WORK TO BE COMPLETED:
Leave out the images; return the rest of the data exactly.

----- GIVEN INFORMATION -----

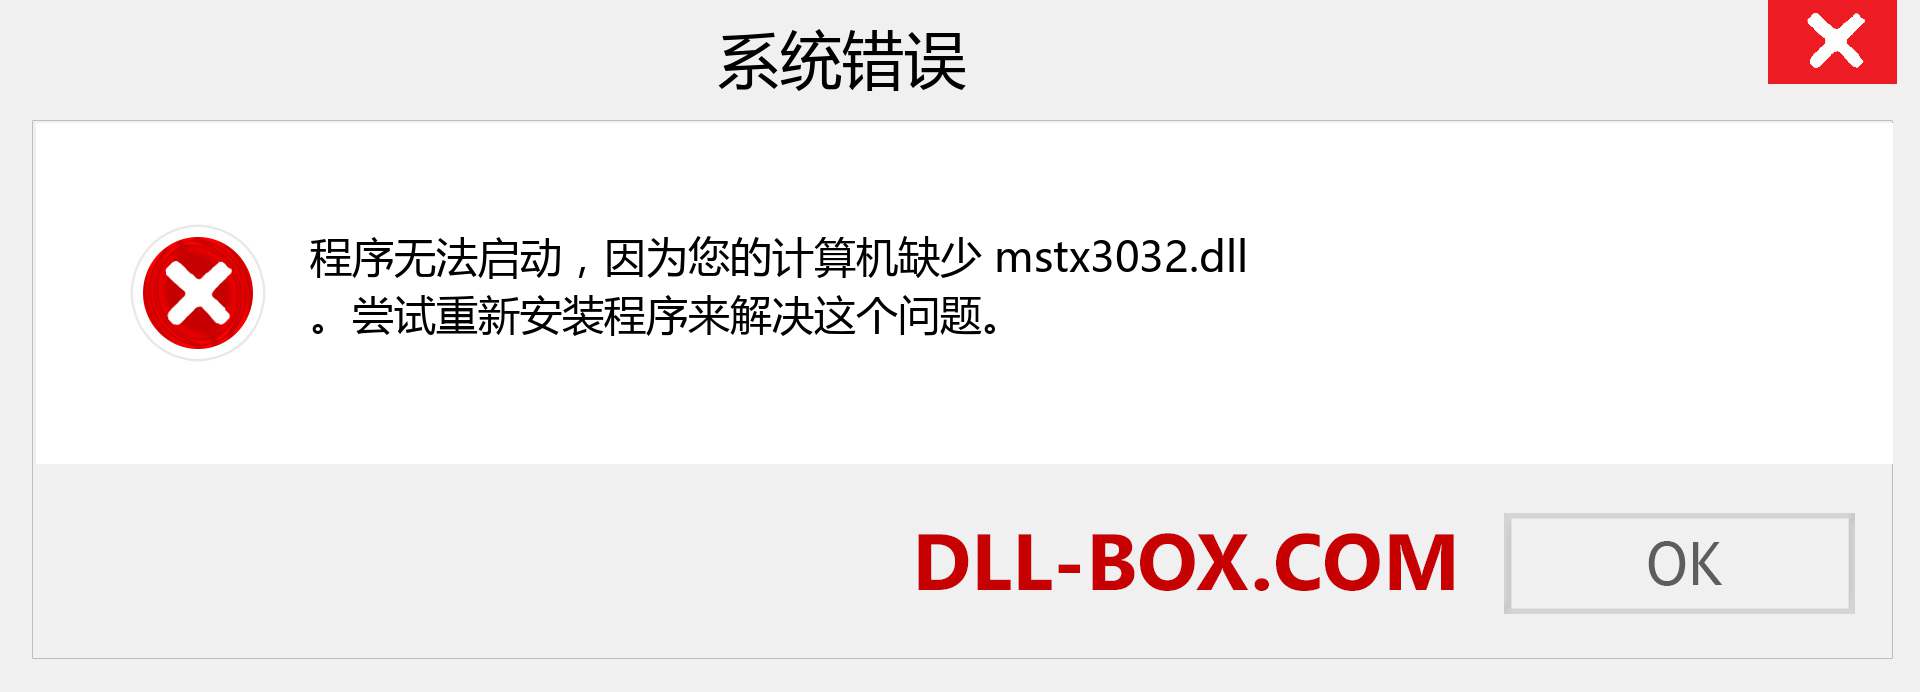 mstx3032.dll 文件丢失？。 适用于 Windows 7、8、10 的下载 - 修复 Windows、照片、图像上的 mstx3032 dll 丢失错误
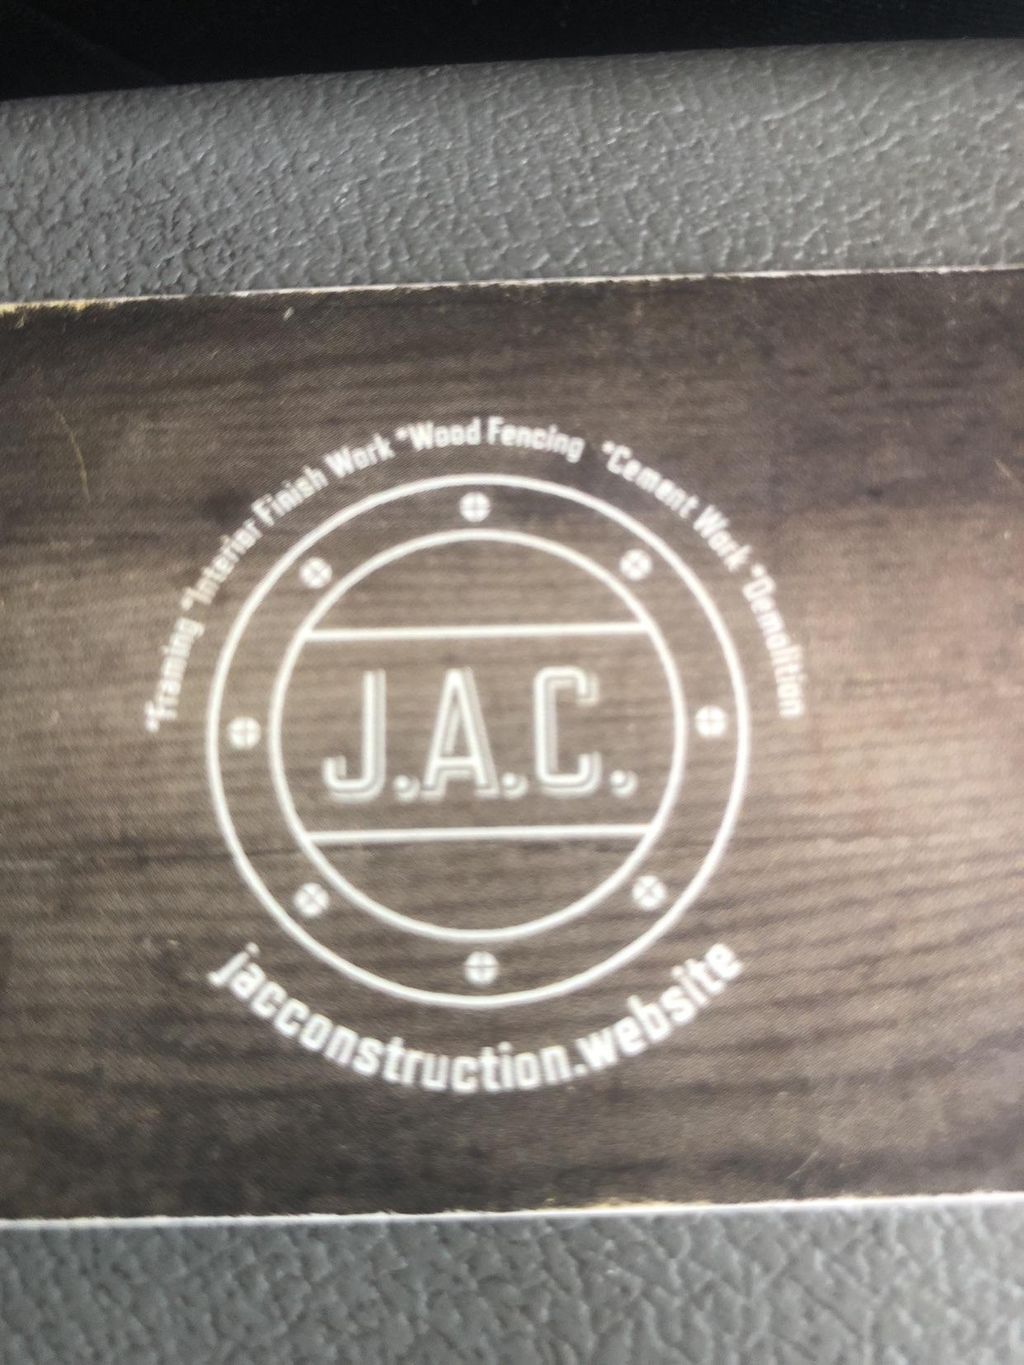 J.A.C. Construction
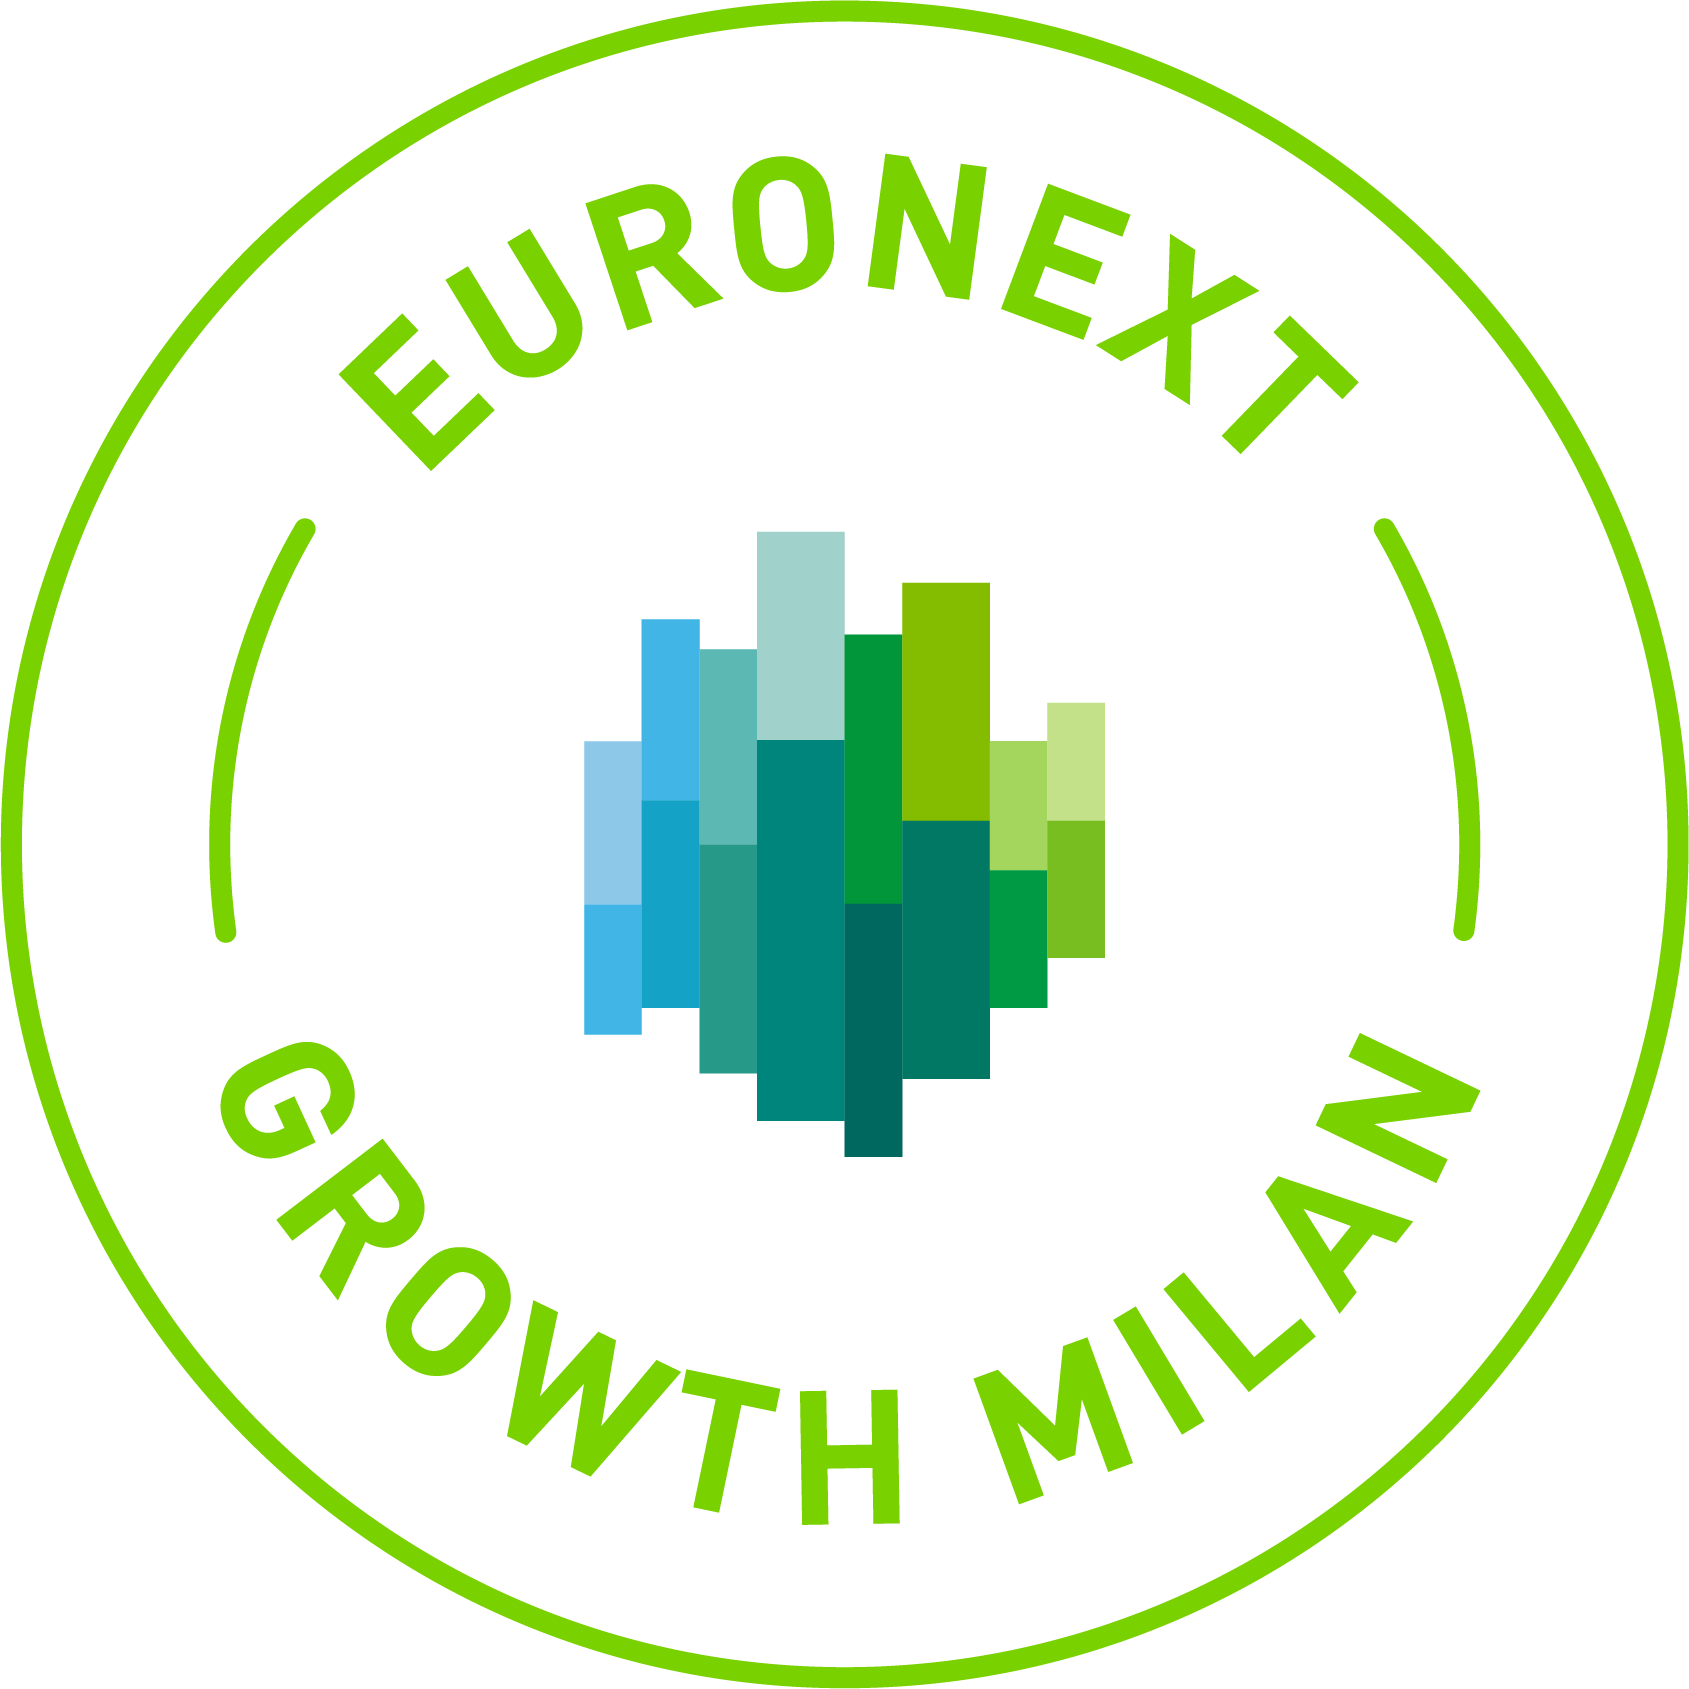 Euronext Growth Milan

-----

SOLUTION TO THIS TASK:
 mstx3032.dll 文件丢失？。 适用于 Windows 7、8、10 的下载 - 修复 Windows、照片、图像上的 mstx3032 dll 丢失错误
 J.A.C. Construction
 Euronext Growth Milan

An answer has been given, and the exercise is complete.